The Alabama Department of Public Health data shows just 633 new cases of COVID-19 reported Tuesday, and 811 cases Wednesday. Rather than being a statistical anomaly, the numbers reflect an ongoing September decline in the number of new cases reported.
The seven-day average of new cases per day — a measure that smooths out daily inconsistencies in case and test reporting — dropped to 856 cases per day Tuesday and 883 cases per day by Wednesday, levels similar to late June.
At this point, it is too early to know if this is a continuing trend or if recent improvements may be lost due to large holiday gatherings and a lack of proper social distancing during the Labor Day weekend. The state experienced surges in cases in the two weeks following both the Fourth of July and Memorial Day holidays.

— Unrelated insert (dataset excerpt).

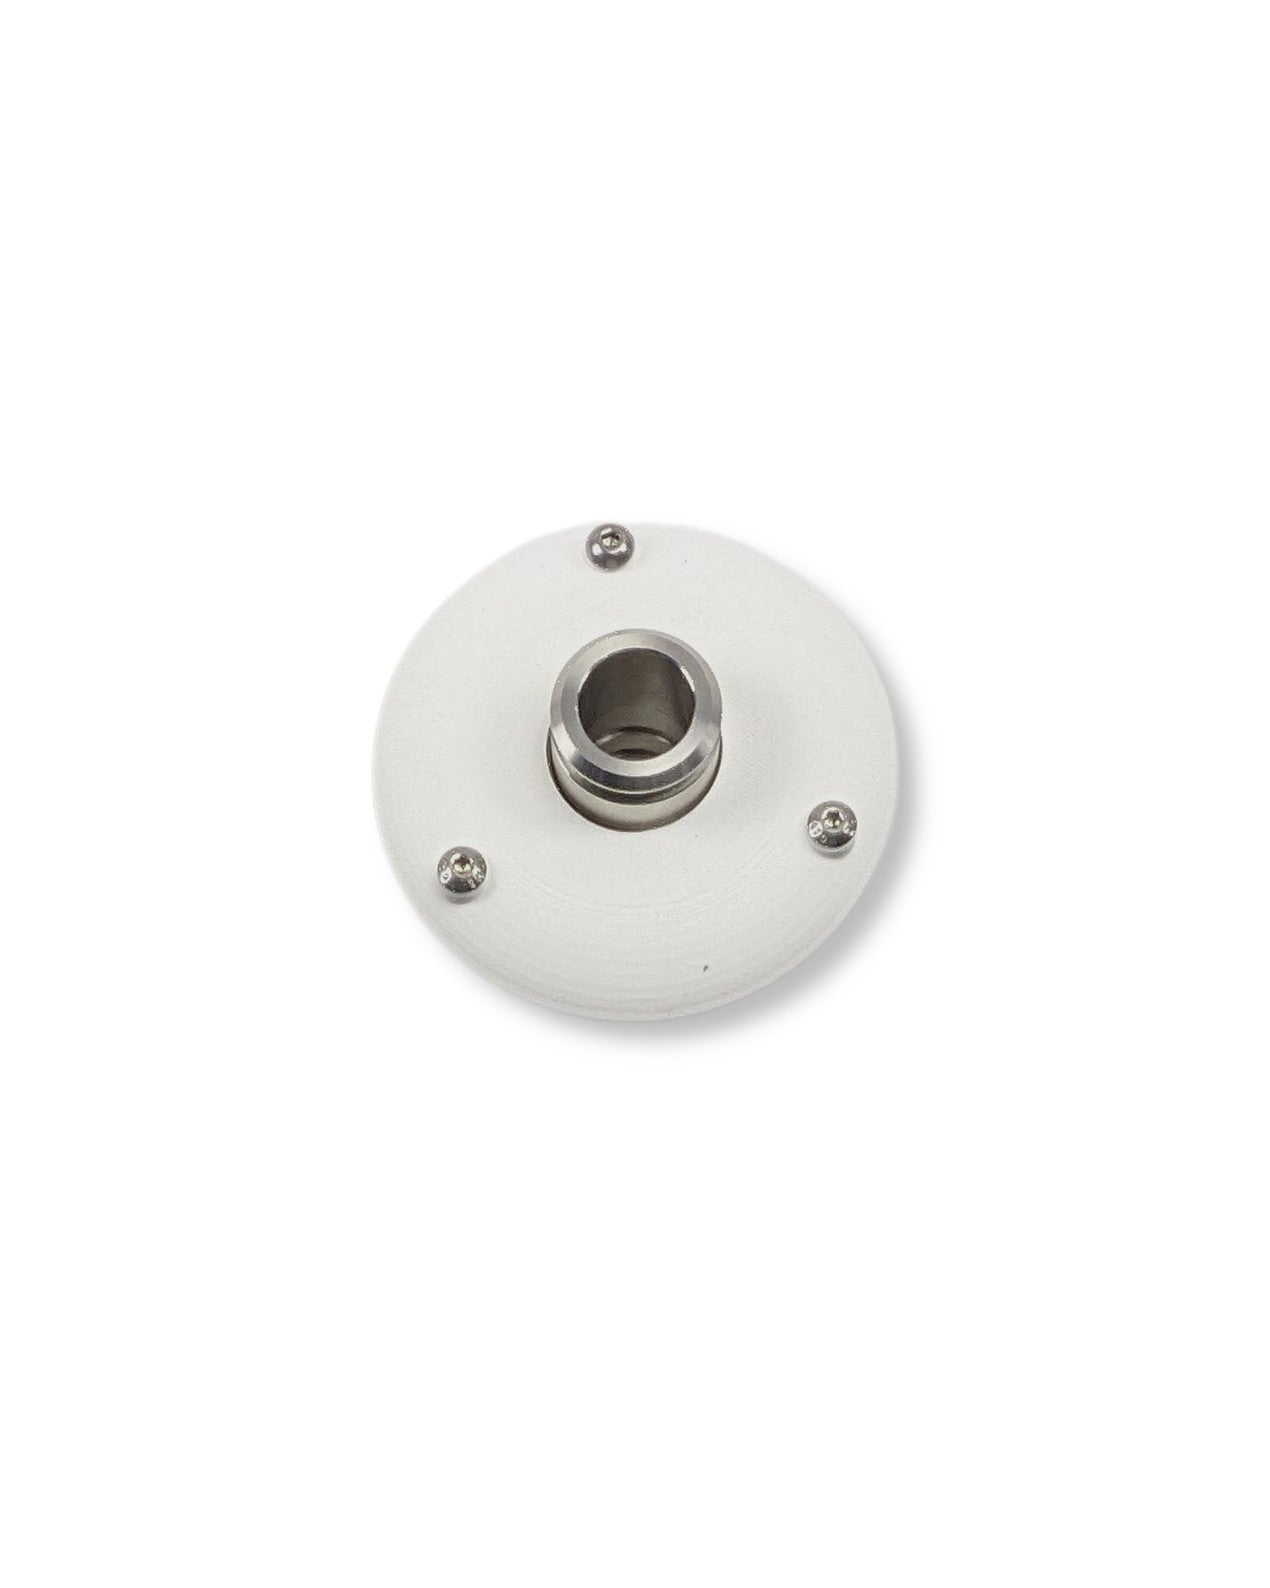 Ein runder PURION IBC Universal 17W SPL BS OTC-Knopf auf einer weißen Oberfläche, der speziell für die Wasserentnahme entwickelt wurde und von der UV Concept GmbH hergestellt wird.
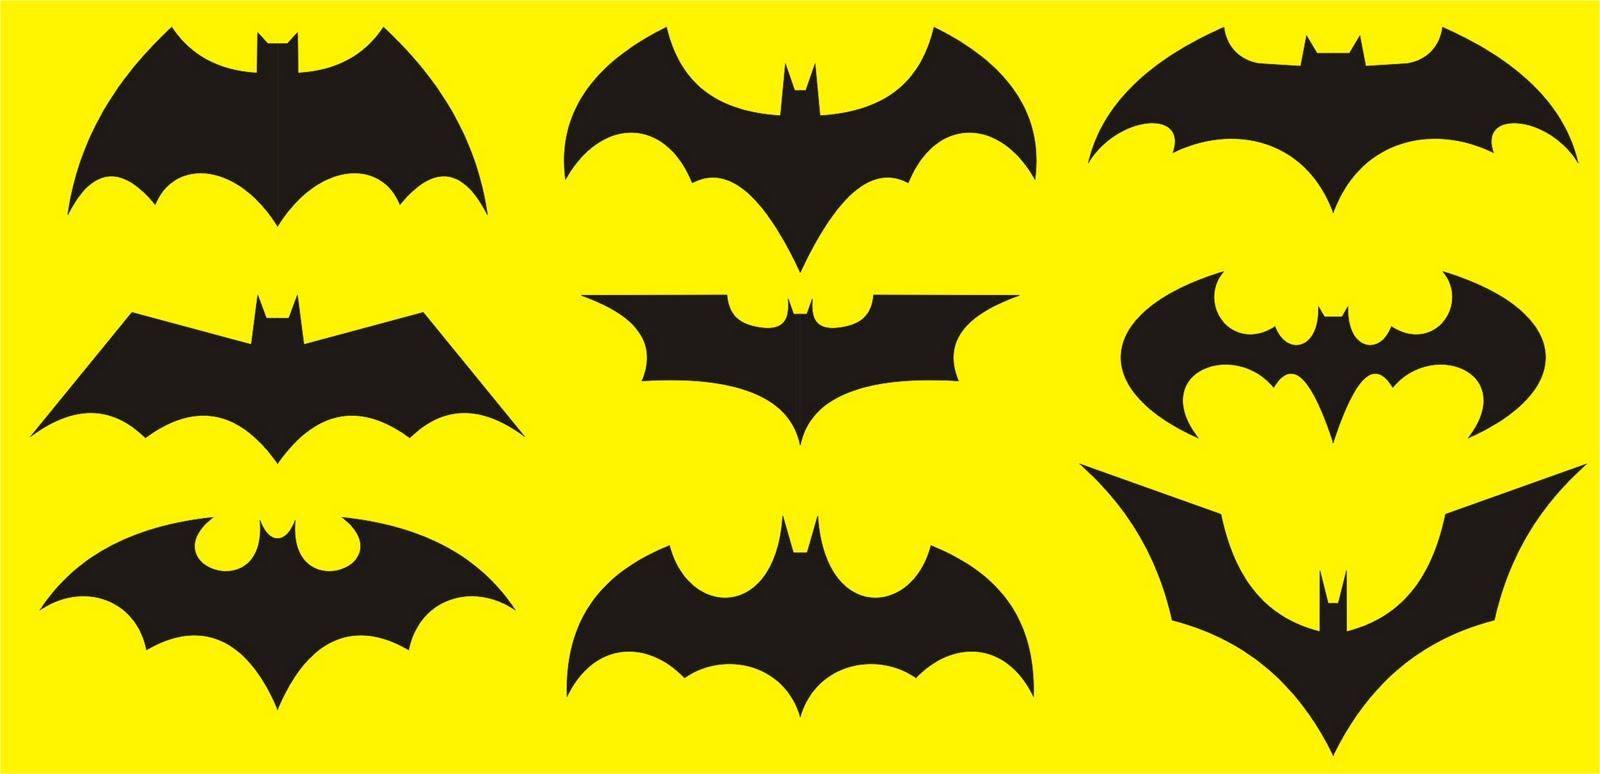 Batman Bat Logo - Free Images Of Batman Symbol, Download Free Clip Art, Free Clip Art ...

The national trend has been decreasing numbers of new cases since peaking at 78,615 on July 24. On Tuesday, the U.S. had just 28,581 newly reported cases. Despite this, there are still 2,523,429 active cases in the U.S. — including 80,978 active cases in Alabama, one of the highest totals in the nation.
The decline in the number of new cases has been reflected in a decline in the number of hospitalizations in Alabama. Just 857 Alabamians were hospitalized on Tuesday, one of the lowest numbers since July 5.
The state reported one death from COVID-19 on Tuesday and eight deaths Wednesday, raising the state’s death toll to 2,285. At least 103 Alabamians have been reported dead from COVID-19 in the first nine days of September.
At least 194,037 Americans have died of COVID-19, more than any other country in the world. The states that have been hit hardest have been New York, New Jersey, Texas, California, Florida, Massachusetts, Illinois, Pennsylvania, Michigan and Georgia. Alabama is 21st in COVID-19 deaths and 20th in COVID-19 deaths per capita.
The state of Alabama has been under a “safer-at-home” order since mid-March. Public health officials credit Alabama Gov. Kay Ivey’s mask order that went into effect on July 15 for the improvement in the number of coronavirus cases. Anytime a citizen ventures out of their home and/or may interact with people from outside of their home, they are mandated to wear a mask or cloth face covering.
Despite some current improvements, the situation could worsen again, and public health officials warn Alabamians to continue social distancing and wearing masks.
Citizens are urged to stay home whenever possible, avoid crowds and large gatherings, do not shake hands or hug persons outside of your household, avoid getting within six feet of other persons outside of your household, wash hands frequently and avoid touching your face.